Known for his attraction to R&B music and even more for creating the biggest-selling Australian jazz album of all time, Come In Spinner, he grew up with jazz, soul and rock with a lot of horns, much of it on records owned by his dad, who had been a band conductor in Scotland.
It was not horns but the trumpet that would inspire him, seen over a long career and a long line of Aria, APRA, Mo and Bell awards.
When I catch up with Jones by phone from his home in Bingie on the south coast, where he’s lived for around 30 years, he tells me that at age 71, he’s enjoyed a long life.
“I like writing original music,” Jones says. “Here in Australia I saw how heavily we were affected by British and American rock ‘n’ roll; I always felt the need to look in another direction away from the American influence and I thought I’d like to make music that is special to this country.”
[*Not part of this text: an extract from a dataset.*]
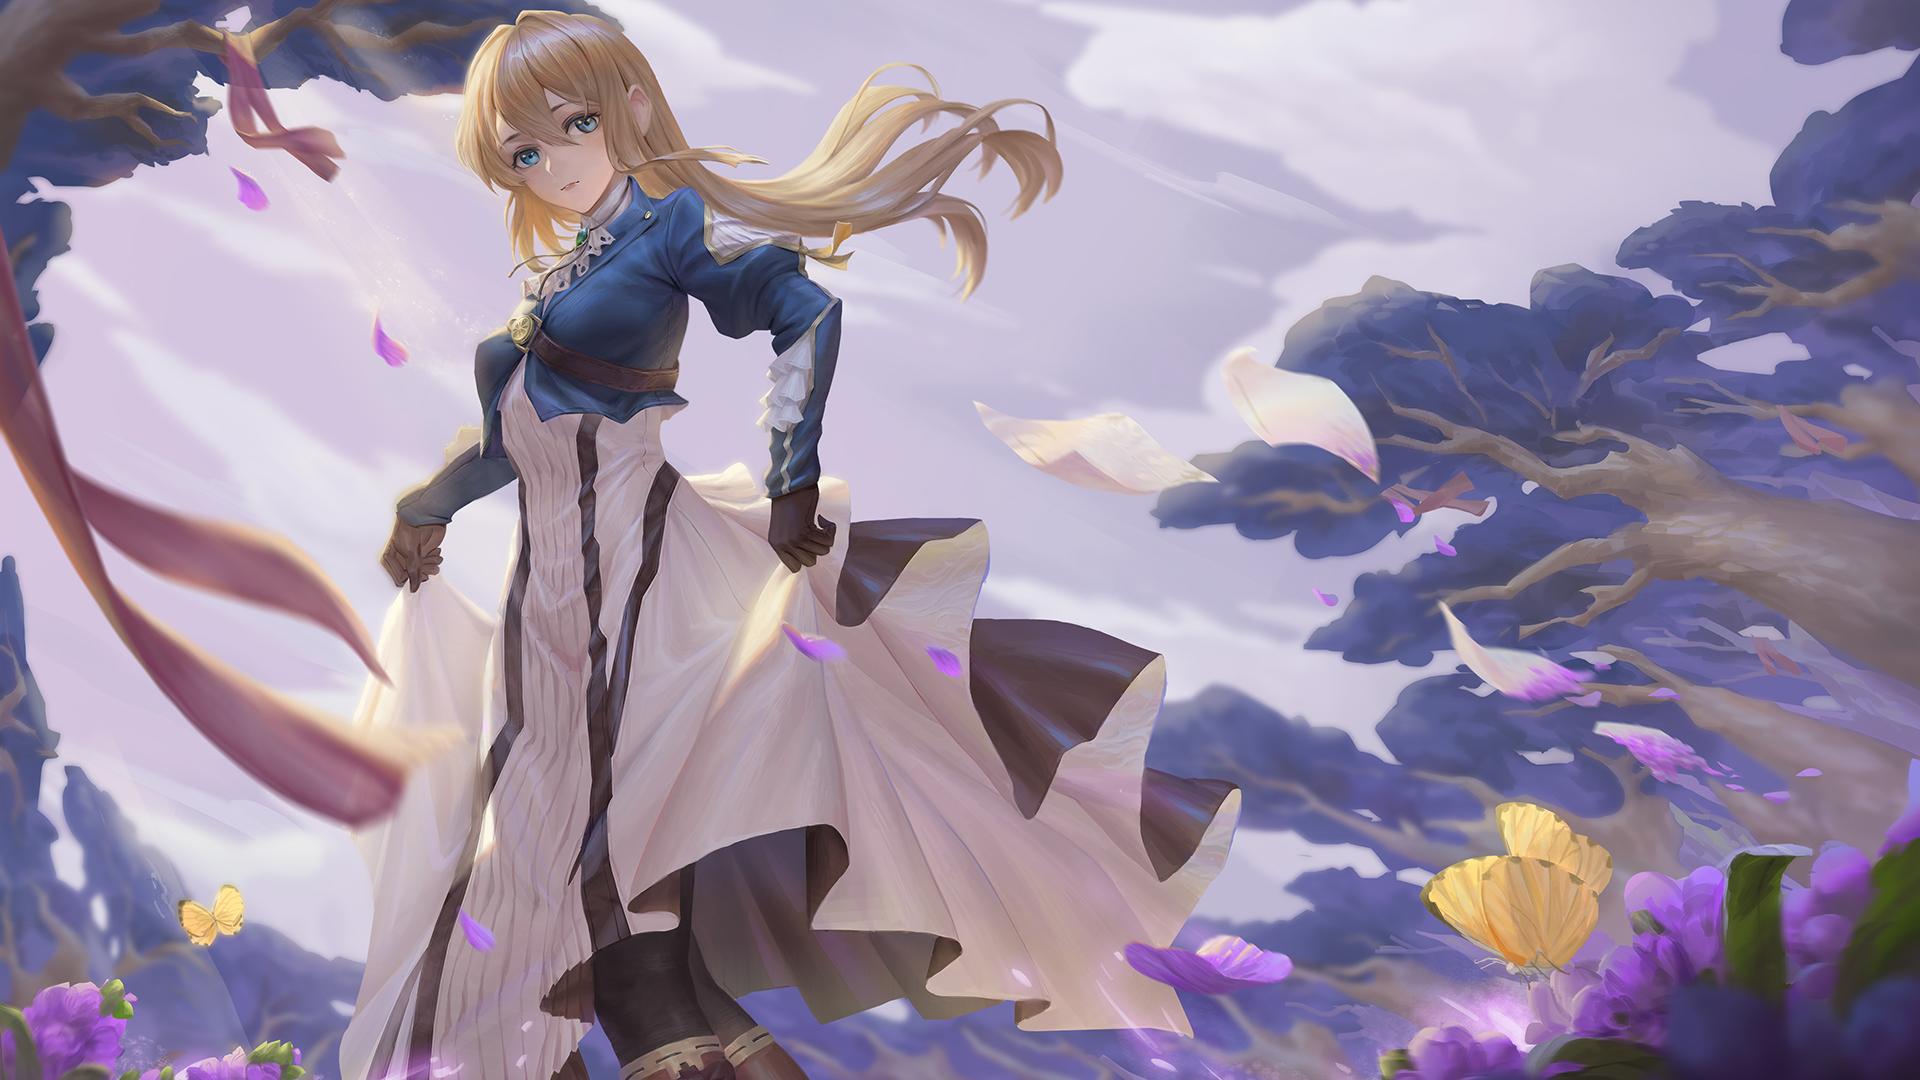 Violet Evergarden HD Wallpaper | Hintergrund | 1920x1080 ...

But the music he’ll perform at the Street Theatre will include a couple of standards from the American Songbook, which he still loves, along with some past hits as Jones and his quintet work their way through a handpicked selection of songs.
With a new album being mastered to come out later this year, he’s been reflecting on the contemporary online music phenomenon.
“I like the concept of a CD or album and this one has got 10 or 12 tracks on it,” he says, arguing that platforms such as Spotify create very little room for new music, and even more importantly, discourage real listening, as they can be called up automatically.
It’s the same in the film industry, he suspects. He got talking to playwright David Williamson recently, of whom he’s been a fan since 1975 when he heard the Galapagos Duck soundtrack for the movie of The Removalists, and asked him whether he ever gets royalties from the old movies of his plays. Williamson told him: “Yes, but you have to hassle.”
“These platforms pay almost nothing to artists,” he says, adding, “but then again, I’m a dinosaur.”
Vince Jones, The Street Theatre, September 28.